To be clear, in this respect, Britain is a typical Western nation. In countries like Iceland and Denmark, the percentage of abortions following positive test is nearly 100 percent. In addition, the Danish and Icelandic governments have made prenatal testing for Downs syndrome almost universal.

In a now infamous 2017 tweet, CBS News announced that Iceland is "on pace to virtually eliminate Down syndrome ...." The language chosen by CBS News only revealed they shared Iceland's eugenic impulse. As actress Patricia Heaton replied, Iceland "was not, in fact, eliminating Down syndrome. They were just killing everyone who has it."

It's hard to think of a clearer example of some lives being considered worth less than others, based on the criterion that what constitutes a "worthwhile life" is what the person can do. As medical ethicist Chris Kaposy has written, "Western cultures value independence, and consequently people with high levels of dependency are often stigmatized." A more-accurate word, at least under some circumstances, would be "loathed."

Even "feel-good" stories about individuals with disability finishing a triathlon, or being a model, or scoring in a basketball game can betray sub-narratives of dehumanization. We end up "celebrating" these people for what they've done, not who they are, or how they mimic those things that earn value in our culture, rather than their intrinsic worth and dignity as Image-bearers. The stigma against these individuals remains.

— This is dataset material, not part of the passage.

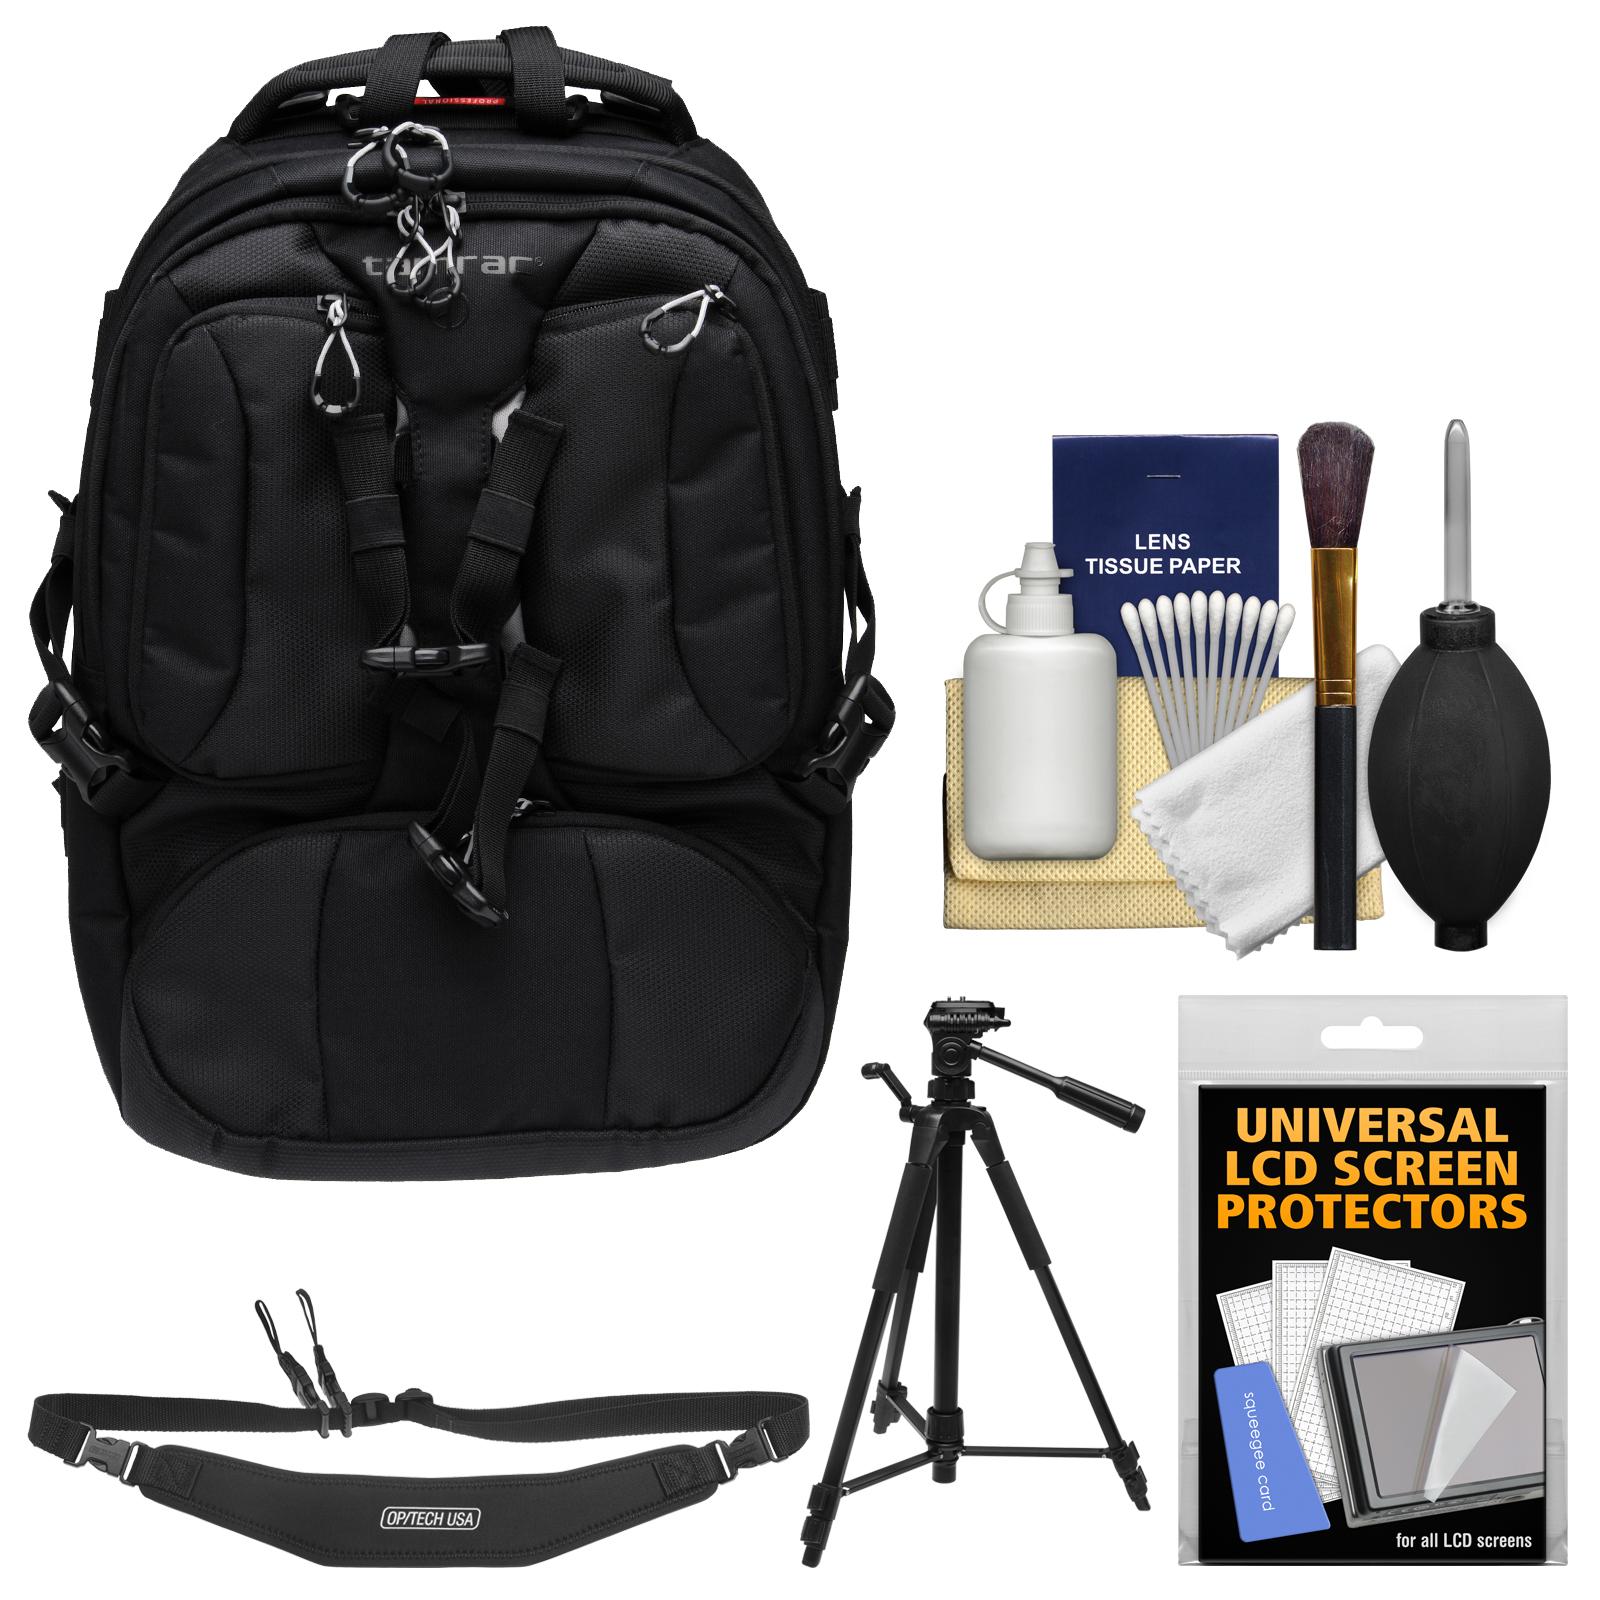 Tamrac T0210 Anvil Slim 11 Photo DSLR Camera   Laptop Backpack with Tripod + Sling Strap + Kit by Tamrac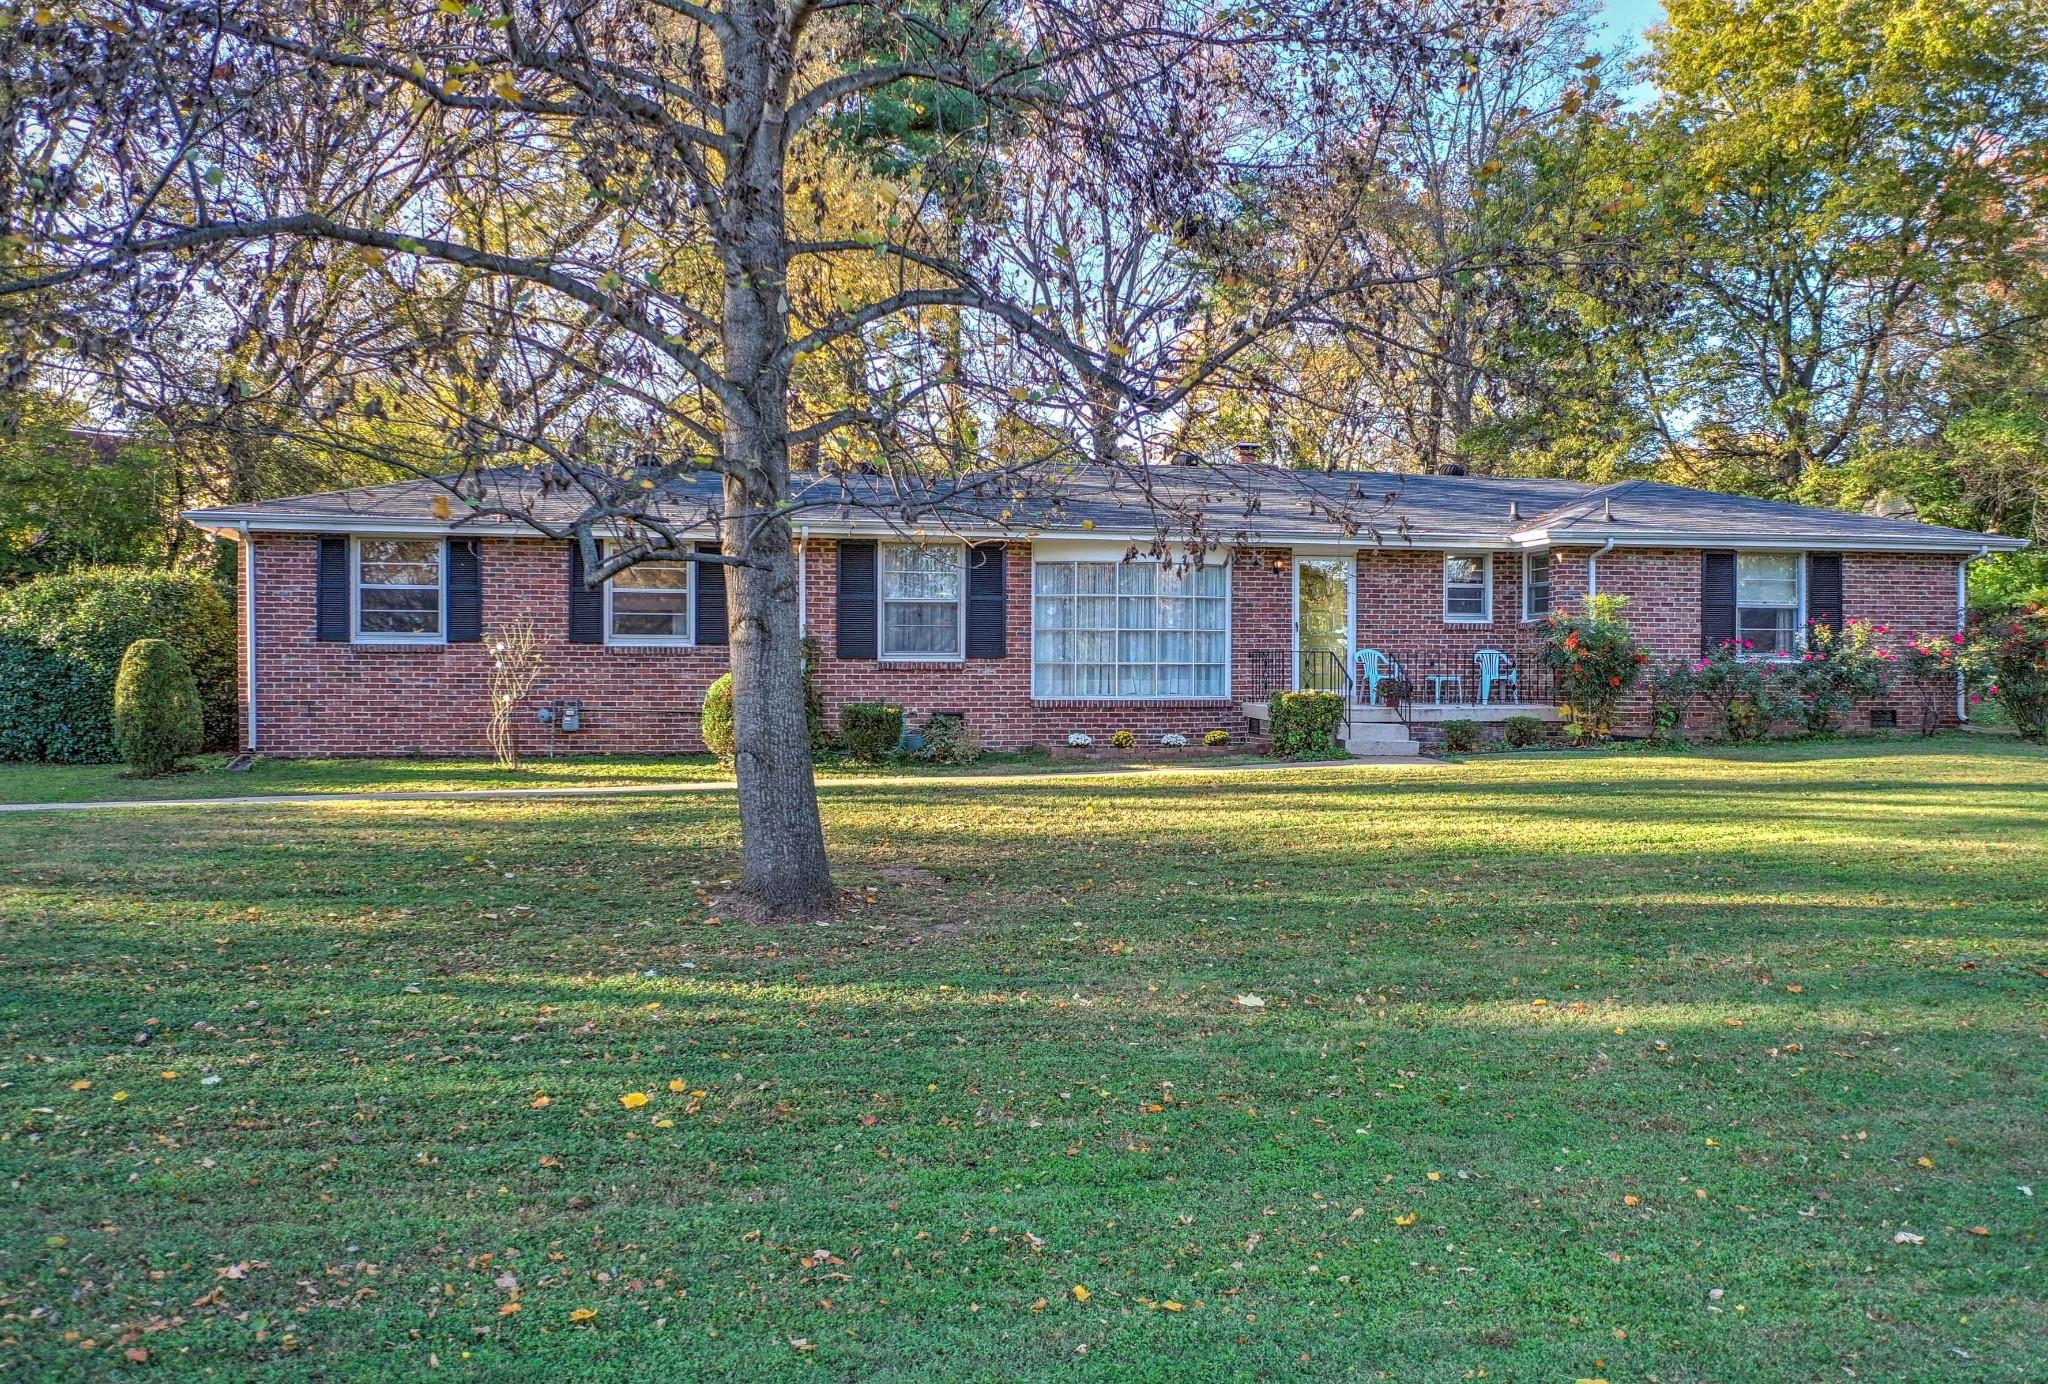 413 Foothill Dr Property Photo - Nashville, TN real estate listing

The British "Do Not Resuscitate" orders took place in the midst of the pandemic, but the ideas that led to them existed long before. COVID-19 gave cover for these ideas to be put in practice under the guise of some "greater good" or "necessity."

Recently, a British joint committee on vaccinations announced that those with intellectual disabilities would be prioritized for the COVID-19 vaccine. That's good news, although it is likely merely a reaction to the scandal, but it doesn't address the eugenic impulse prevalent in so much of Western culture and medicine. Which means long after the COVID-19 emergency has passed, we'll still need to confront and displace the very bad idea that some lives are worth less than others, and we'll still need to stand up for and protect the victims of that very bad idea.